* WHAT YOU WILL DO
Could you copy word for word only the lines between the one containing "The CERN Neutrino Experiment" and the end of the listing below, both included, and leave out the pictures?

* GIVEN MATERIAL
------------------------------
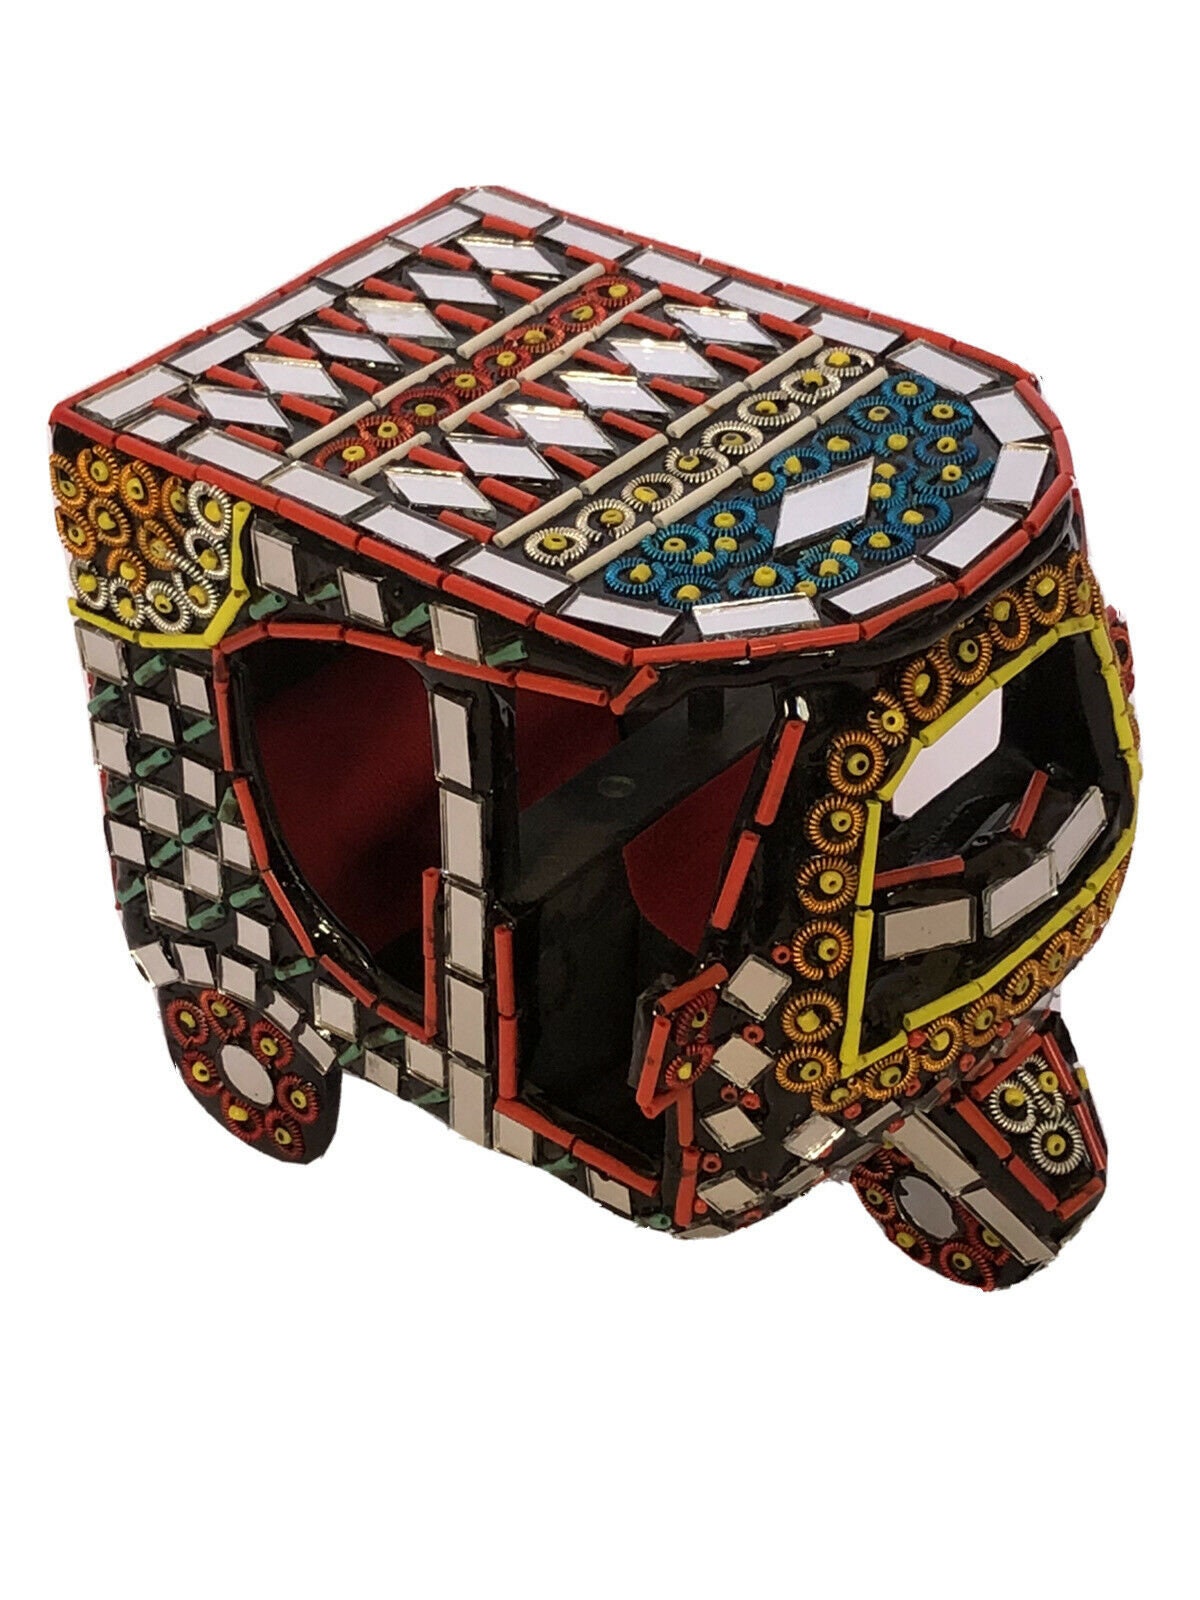 Hand Painted Truck Art Suitcase – Urban Truck Art
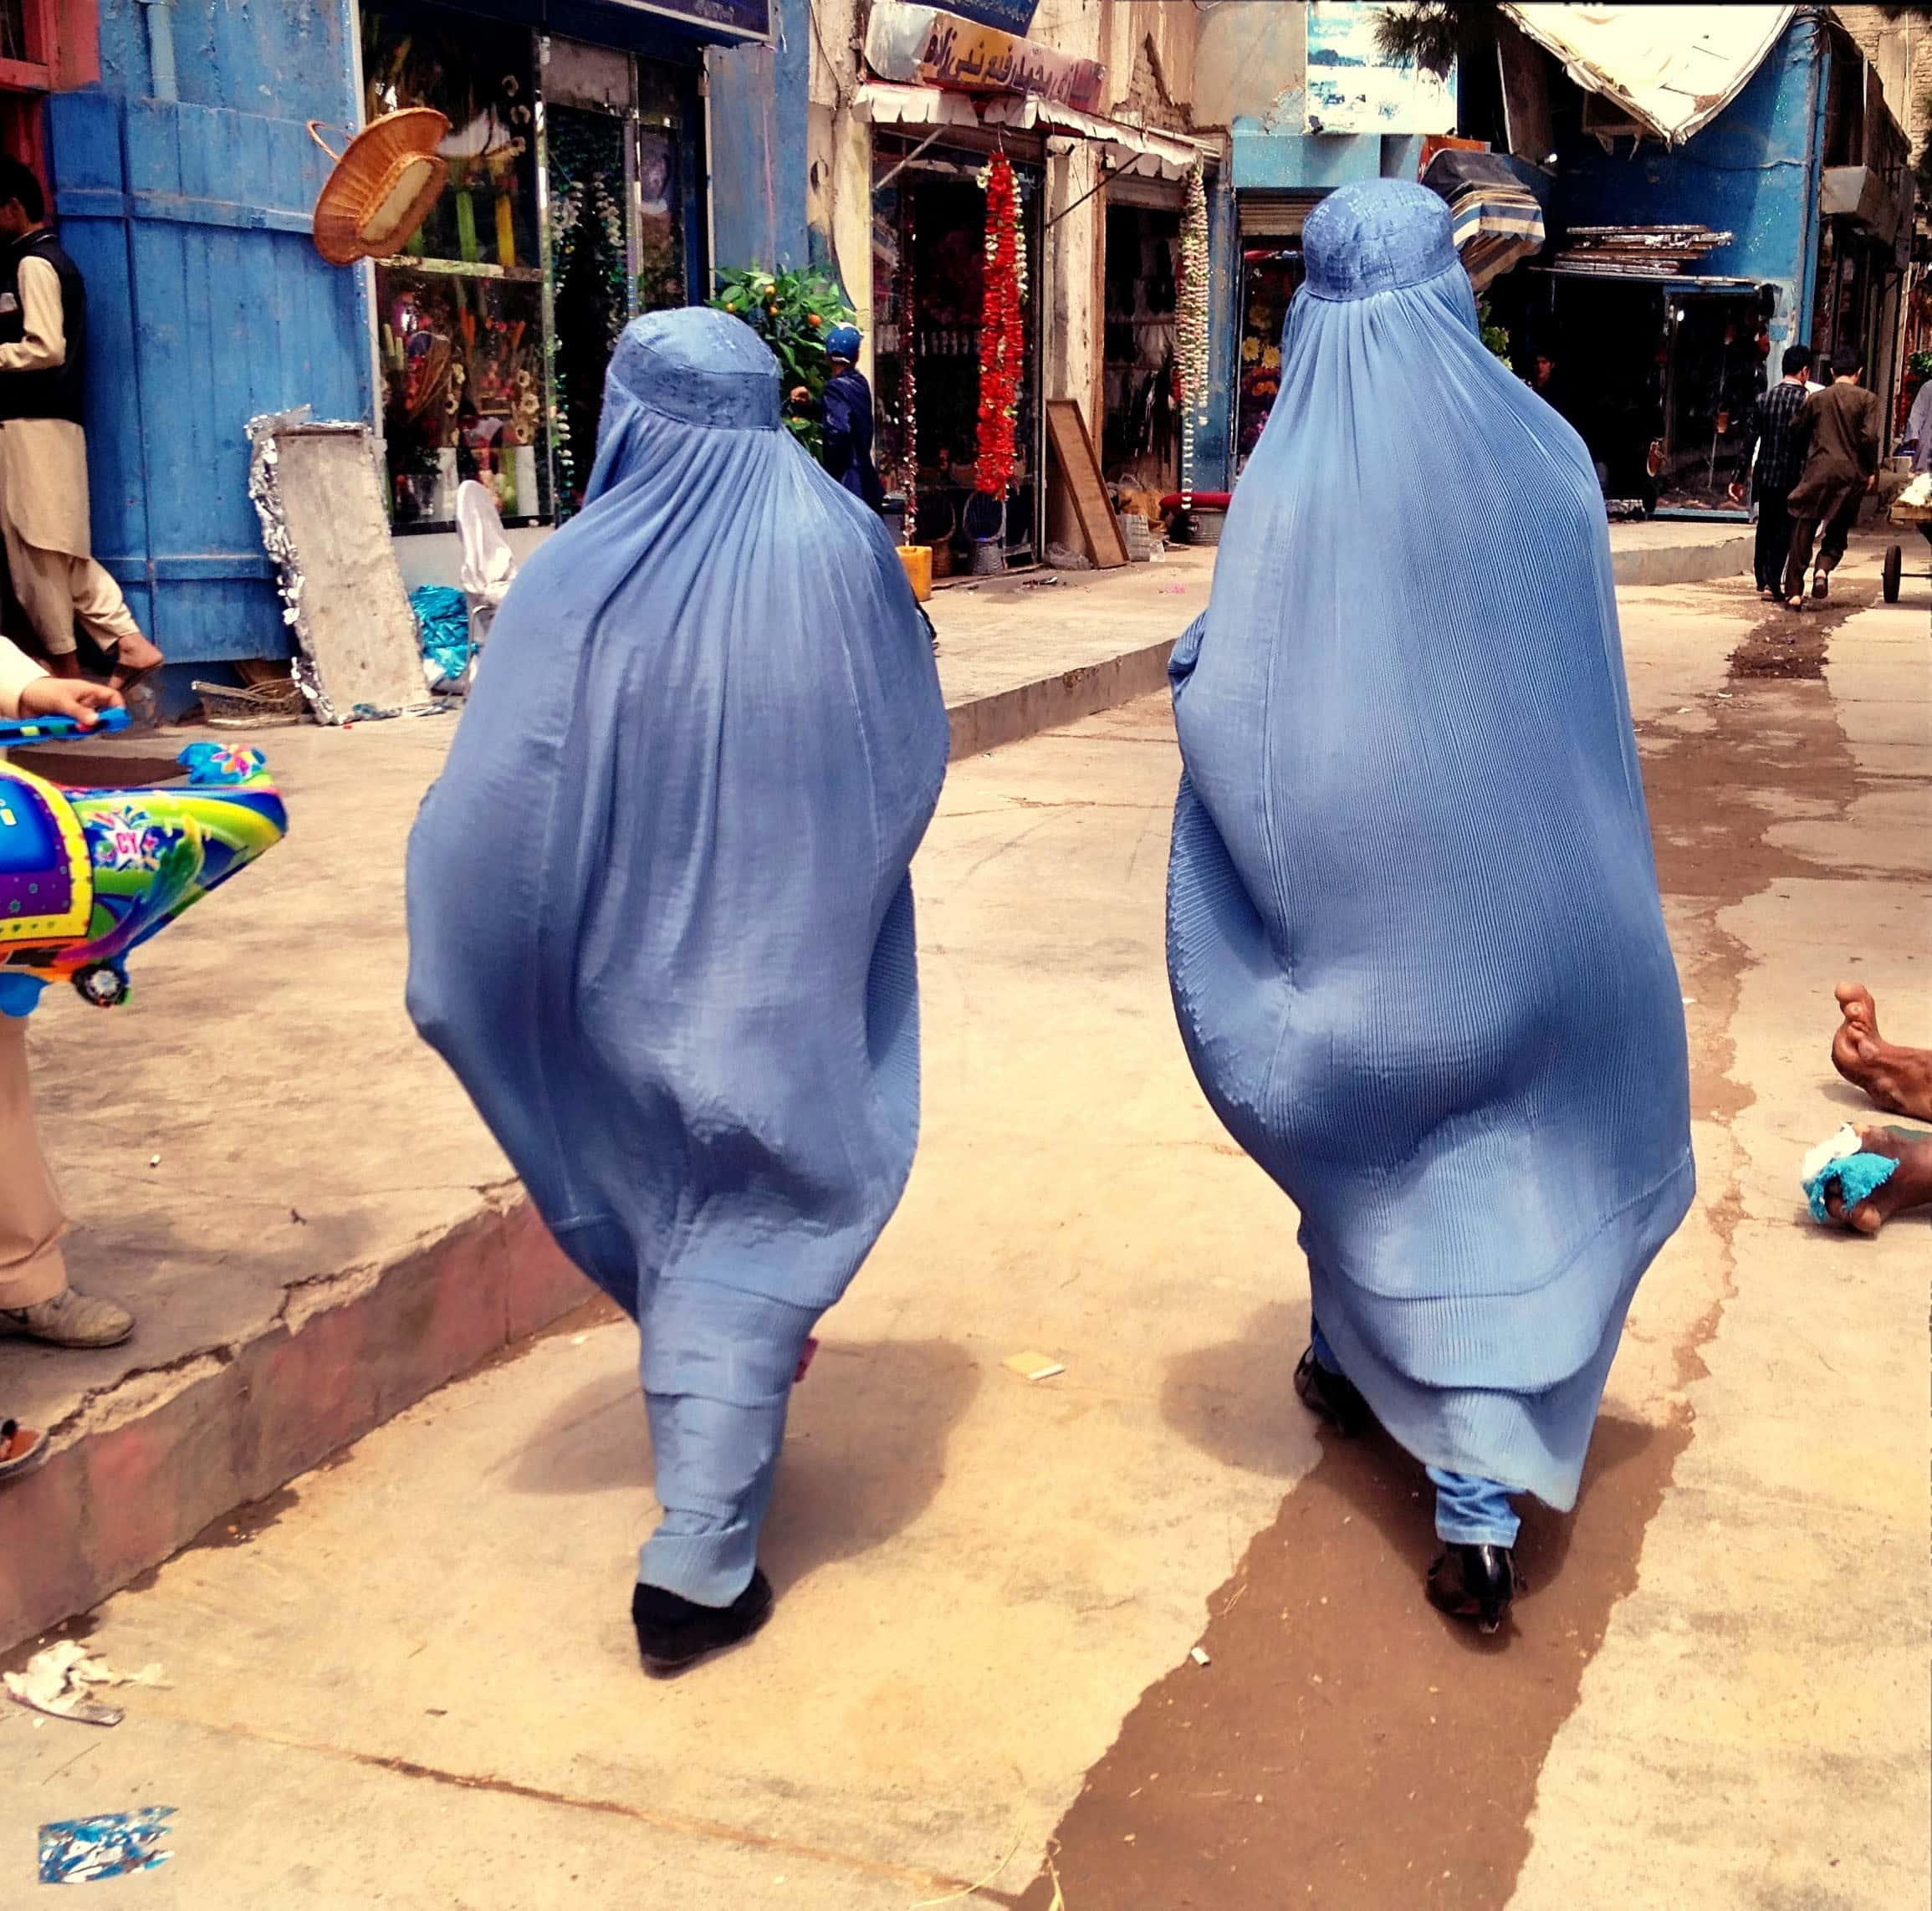 Burqa-wearing women on the streets of Kabul
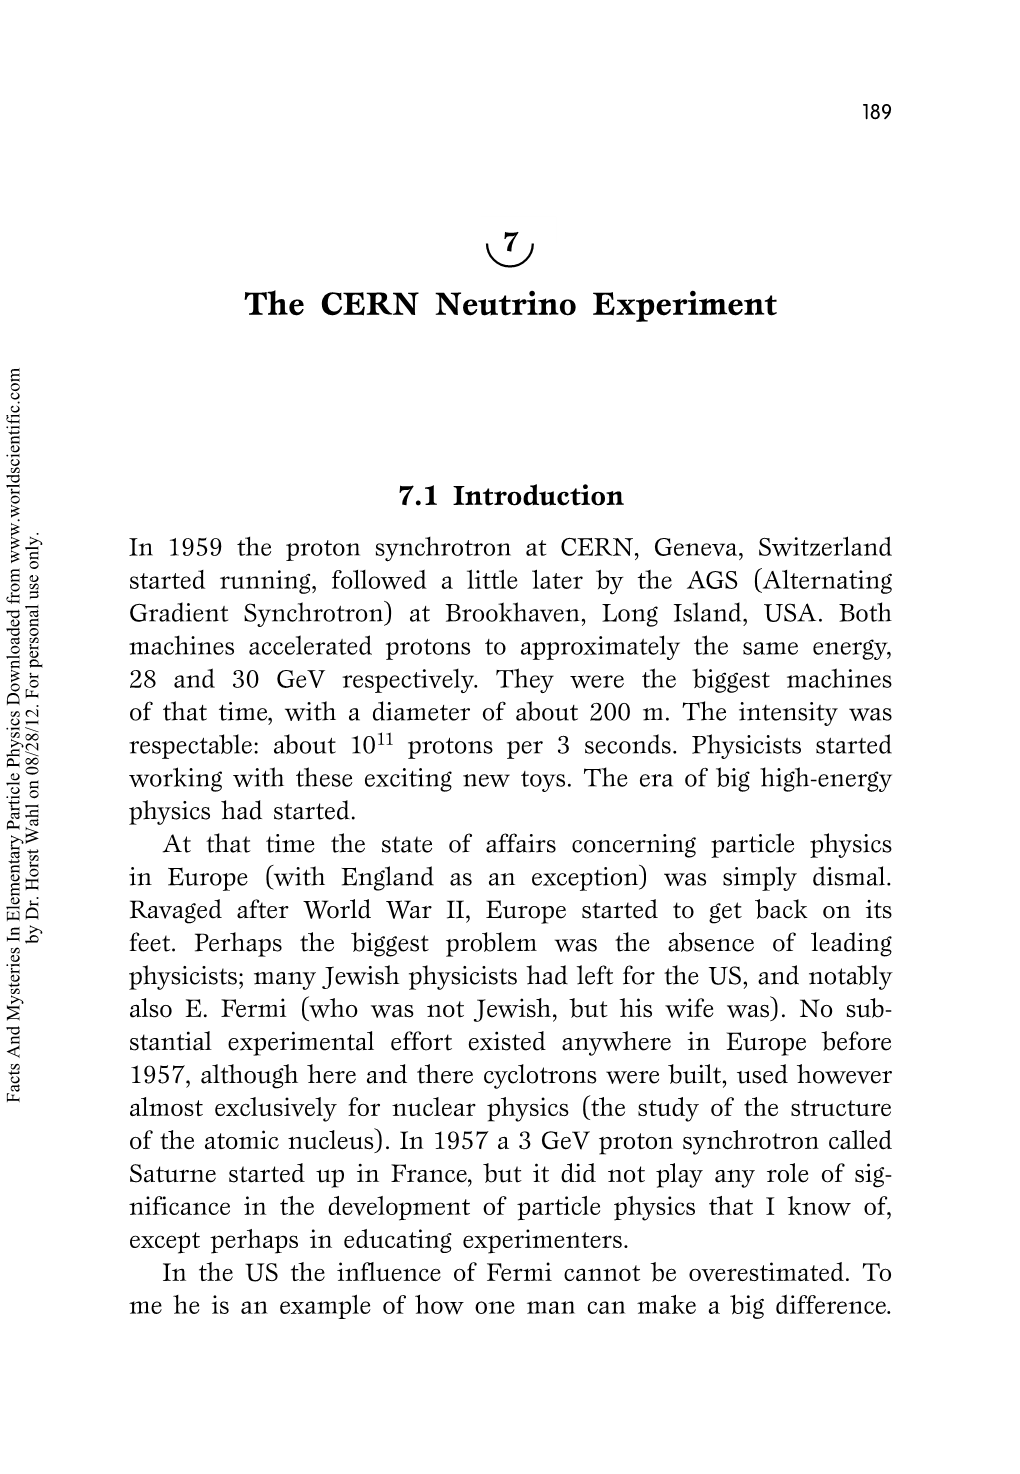 The CERN Neutrino Experiment
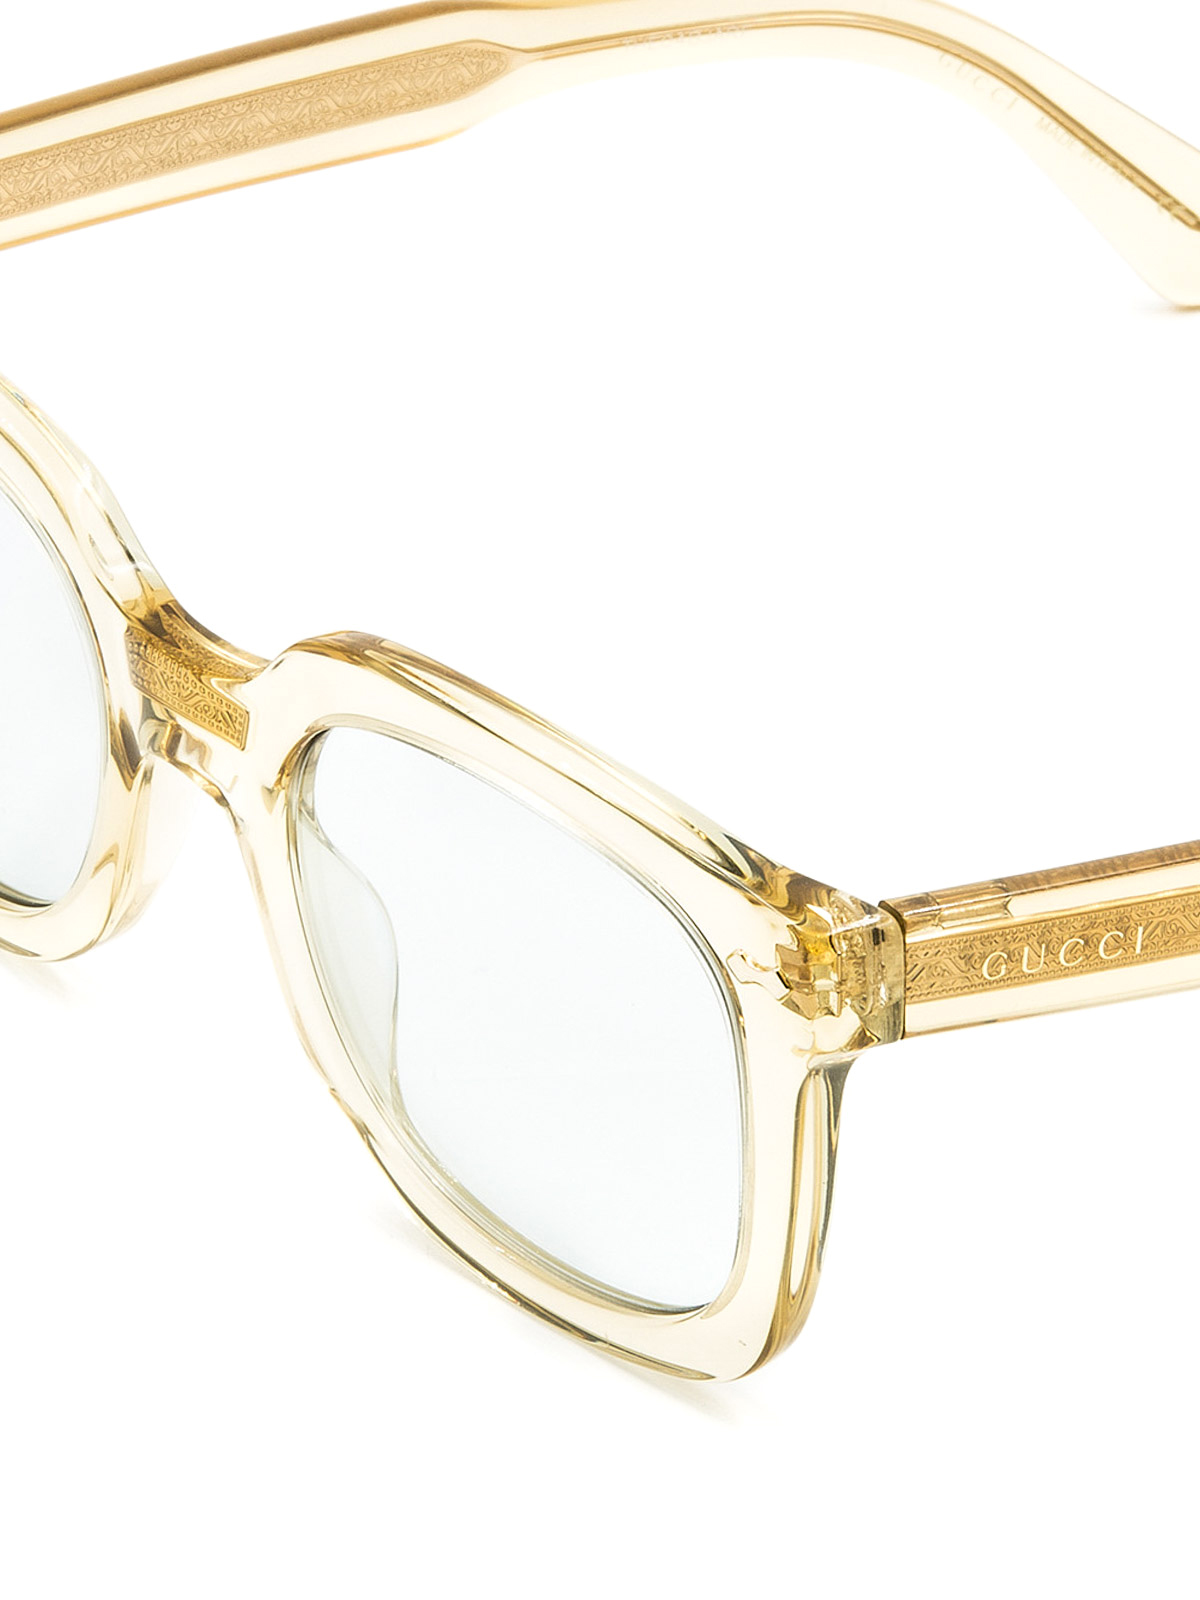 gucci sunglasses clear frame
------------------------------
* RESPONSE
 The CERN Neutrino Experiment
 gucci sunglasses clear frame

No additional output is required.